Put these differences together and there is a strong argument that says, though they share a good deal of musical ideas, these really are two different tunes, but it does ultimately depend on how much difference you require in order to separate them. It should also be said that once we allow how the tunes are developed in variations, then they increasingly part company, but our confused authorities were not taking variations into account, and they obviously saw enough similarities to cause their confusion.So it seems that Sinkler’s tune can be separated from Tail Toddle. But if that is so, what would have been a better title for it? As we have seen, we have two suggestions. Having looked at Gillie Callum, we can now turn to the that suggested by the Balcarres manuscript’s title.Cutty spoon and treeladle.
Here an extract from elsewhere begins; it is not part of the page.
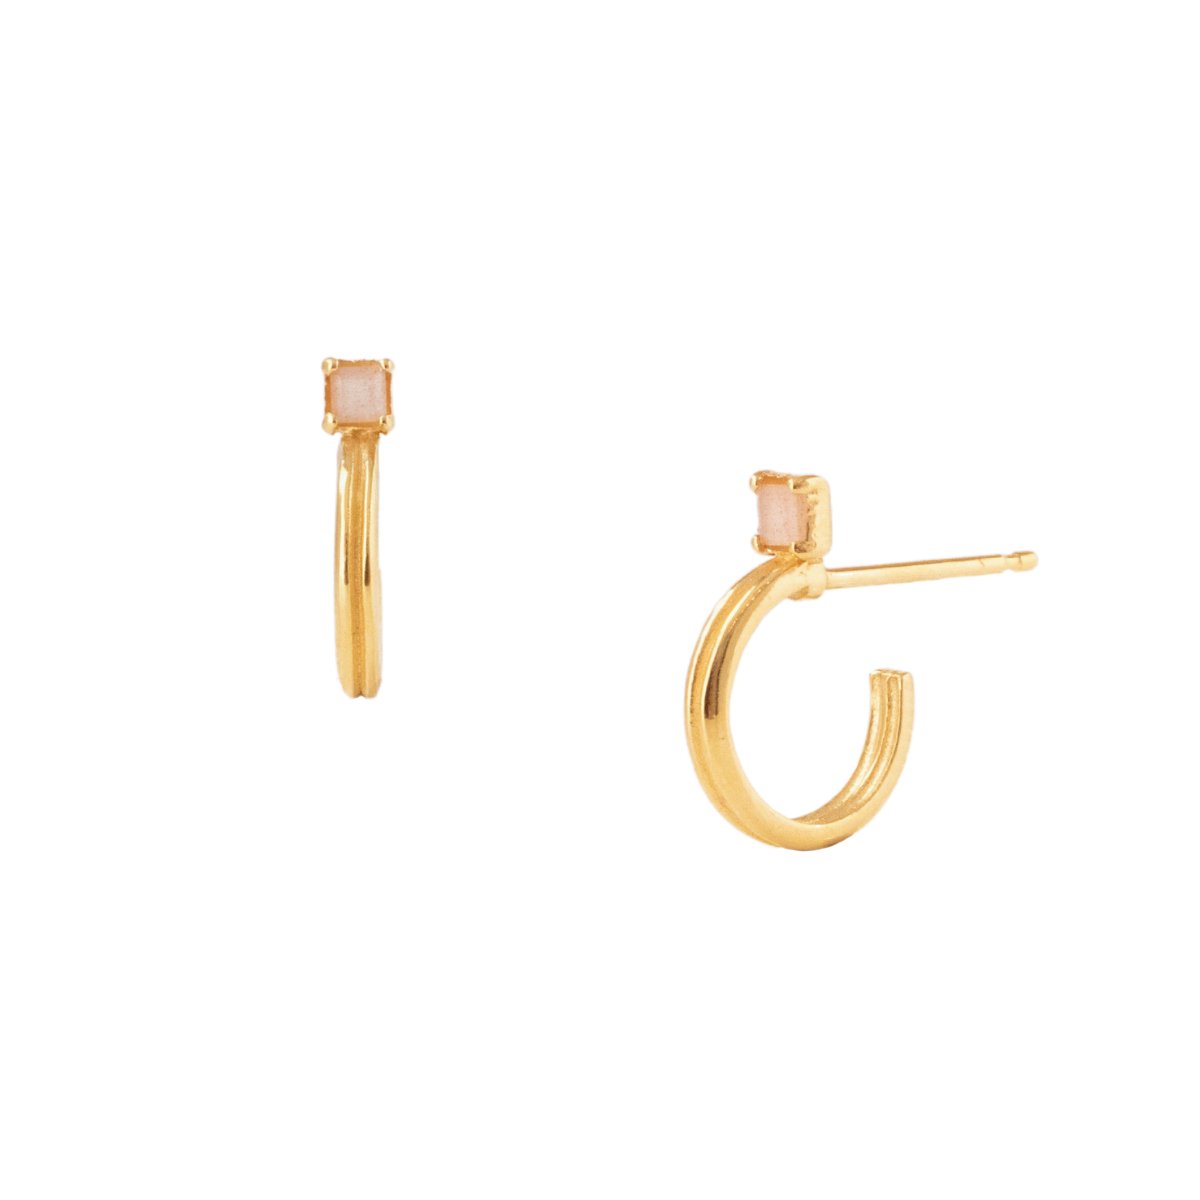 RADIANT ARC HUGGIE HOOPS - PEACH MOONSTONE &amp; GOLD - SO PRETTY CARA COTTER
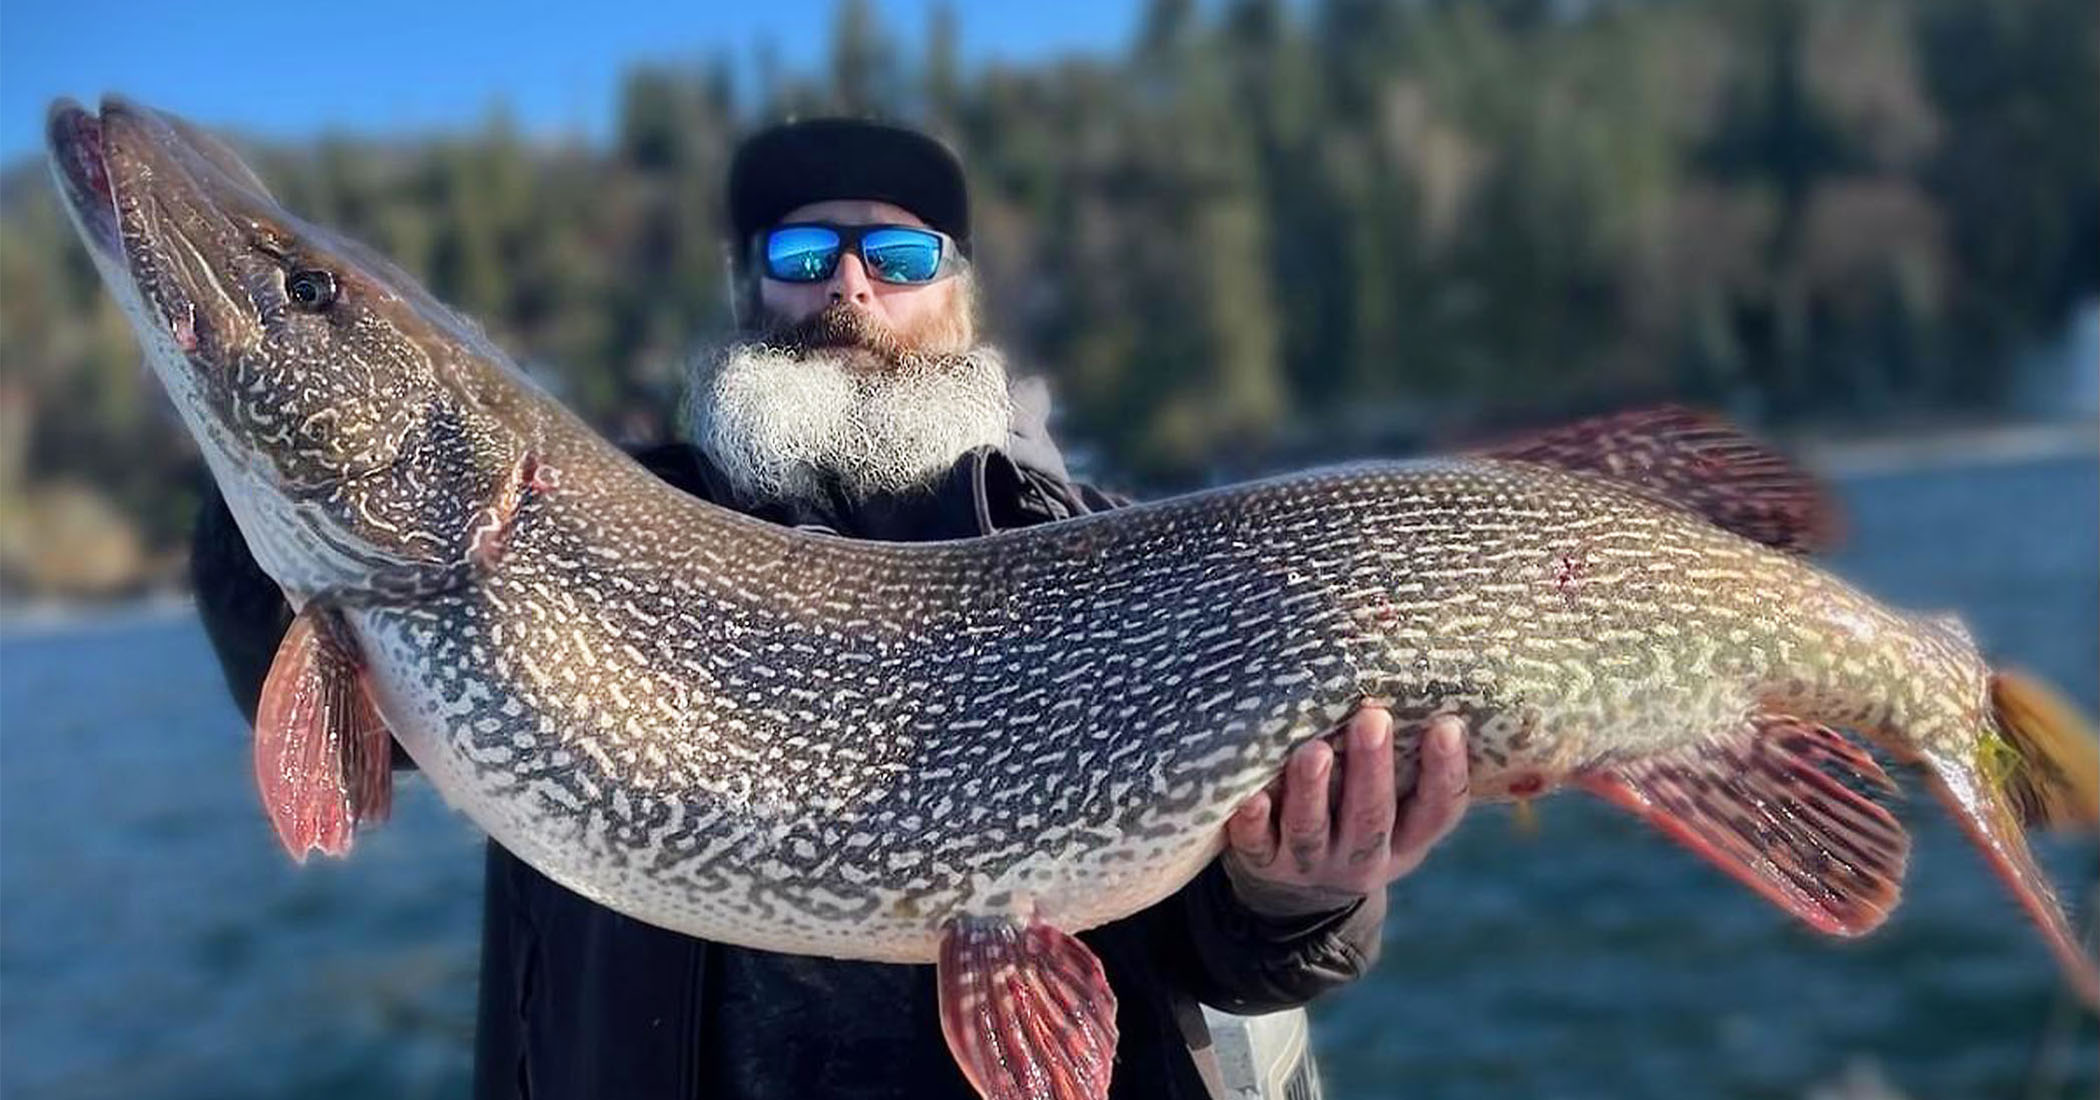 NextImg:‘We needed to find a bigger scale’: Idaho angler reels in monster pike weighing over 40 pounds for state record

Sinkler’s tune, as we have observed, appears almost note for note in the Balcarres Lute Book with the title ‘Cutty spoon and treeladle’, which may be merely a mistaken title [it would not be the only one in the Balcarres MS]. As we shall see, one hundred and fifty years later, authorities were still adding this title to their confusion. So can we say whether Balcarres is right in this case, or is Sinkler’s tune really Gillie Callum? The answer, we might guess, all hangs on that final cadence.
What can we learn about the early days of a tune called ‘Cutty Spoon’, apart from the Balcarres version? At one point it looked as if the answer would be very little if anything; no earlier setting appeared to exist, until Matt Seattle recalled seeing the title in a remarkable little book called A Collection of original Scotch Tunes for the Violin. The Whole Pleasant and comical being full of Highland Humour, a copy of which is in the NLS. It was published in London in 1720 by John Young, instrument maker. It contains a number of intriguing tunes, some not found elsewhere, among which is one titled ‘Cutty spoon and Treen Ladle’.2 (Fig. 7)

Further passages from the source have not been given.